If we use the determination of the nucleic acid sequence constituting a gene as a criterion for patenting, and I understand that this is the case, how would we know that the sequence is unique to the organism being patented? The number of species on earth is estimated to be 10 to 60 million. So far, we know the nucleic acid sequences of all the genes only for one species, the bacterium Escherschia coli. Assuming that the patenting of a nucleic acid sequence can be allowed only if it is new to life, which would make it a genuine invention, could we ever be certain that a nucleic acid sequence which we find in an organism is really new to life? Obviously not. If we allow patenting for a mere determination of nucleic acid sequences, how will we cope with the sequences which are the same but are in different species?
Need for another system
Patenting seems totally inapplicable to life. If we want to reward researchers in the life sciences, we must find another system.

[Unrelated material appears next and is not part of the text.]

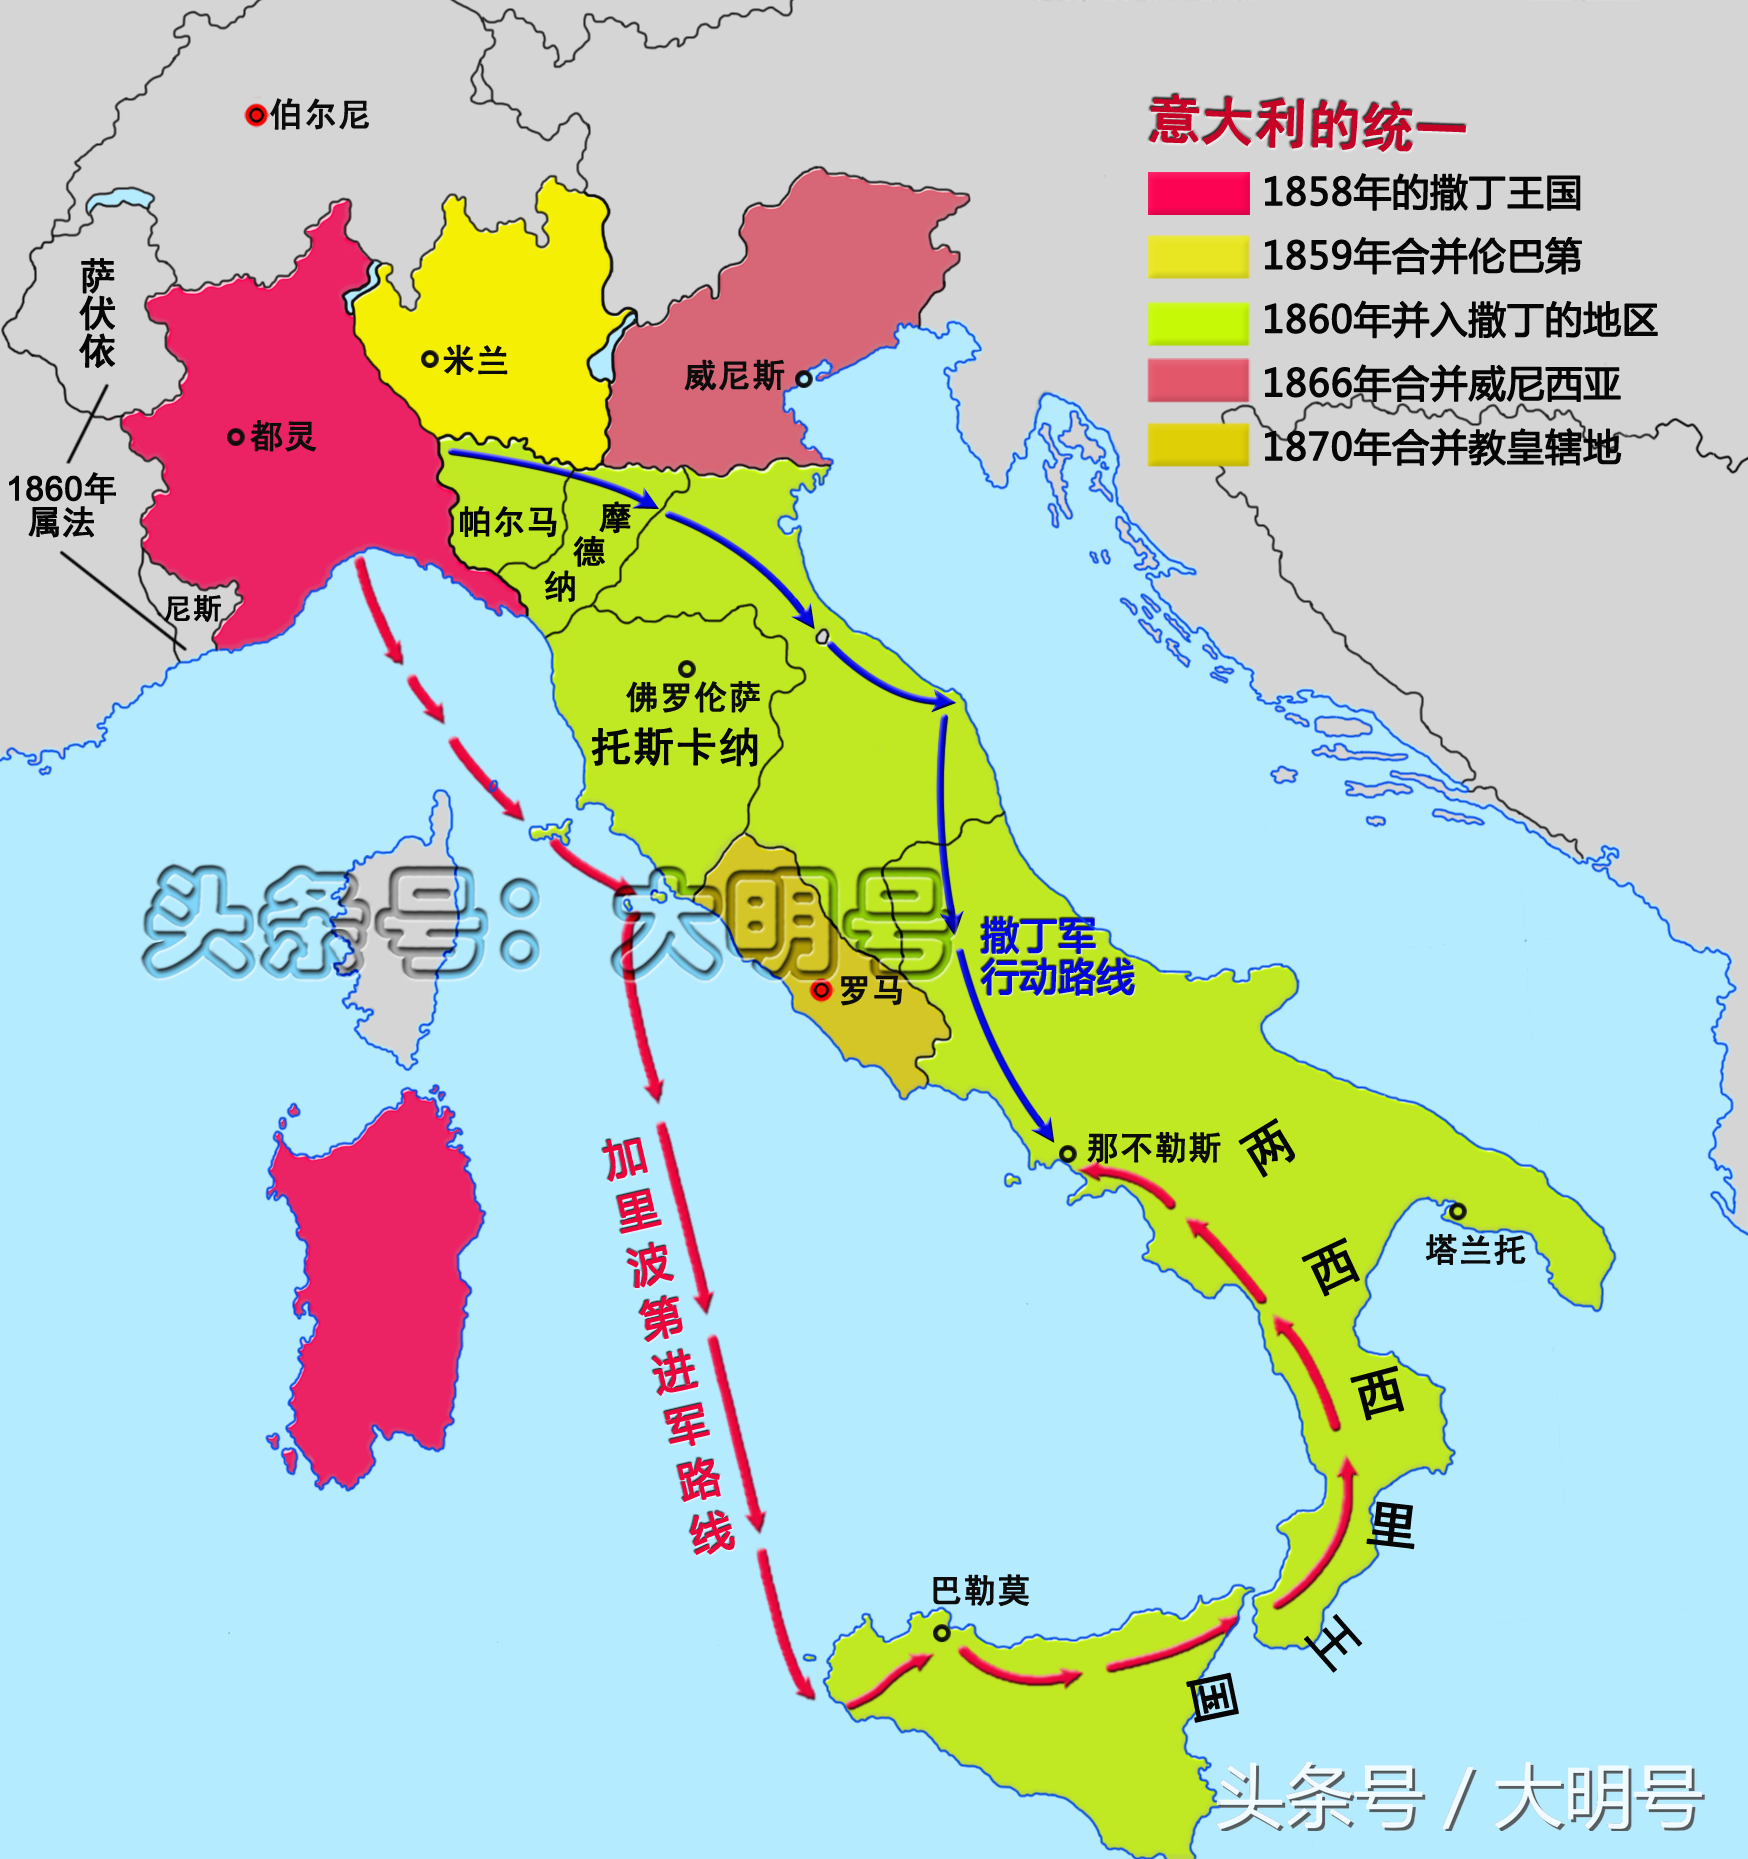 撒丁王国通过自上而下的王朝战争的方式驱逐了外国势力,缔造了意大利
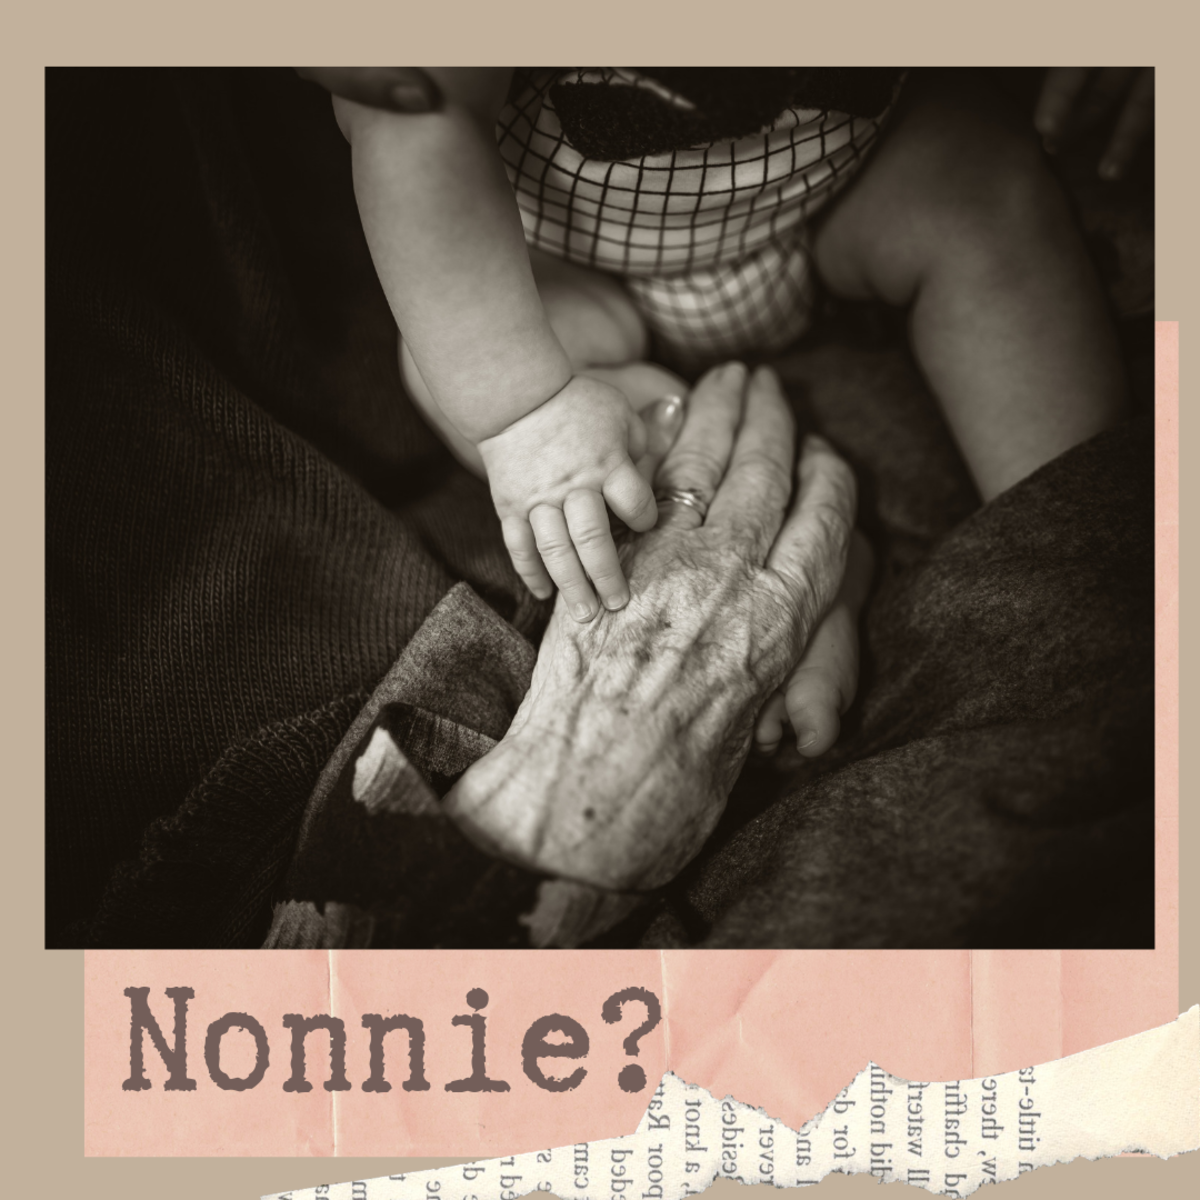 Are you a Nonnie?

If we continue with the distortion of the meaning of invention, we do not know where we will end up. I wonder how many of you have heard of Mr Moore of the United States of America whose liver has been patented. He went to the hospital. They took out a piece of his liver and they cultured it. They patented it. He claimed that they could not patent his liver, because it was his own. I am told that the judge said that since it is outside of him it is not his and it can be patented, i.e. it is invented. But that piece of liver is the same whether inside or outside Mr Moore. The judge did not dare say that that part inside him is also invented. But how long will it take for the continuing distortion of inventing to accept that the piece of liver inside him is the same as that outside him, and that, therefore, it is the patent holder's invention? Suppose I buy the patent on Mr Moore's liver, and suppose I also patent his blood in a similar manner, and I want my liver out of him in the style of Shylock. Even Shakespeare's defence of not allowing me to spill blood would not prevent me. I will spill my blood and take my liver, and I will still walk away, possibly claiming my royalties on your use of my Brussels! - (Third World Resurgence No. 106, June 1999)
(Dr Tewolde Egziabher is the General Manager of the Environmental Protection Authority in Ethiopia. At the Biosafety Protocol negotiations, he is the Chairperson of the African group of delegates and a prominent spokesperson for the Like Minded Group which comprises almost all developing countries.)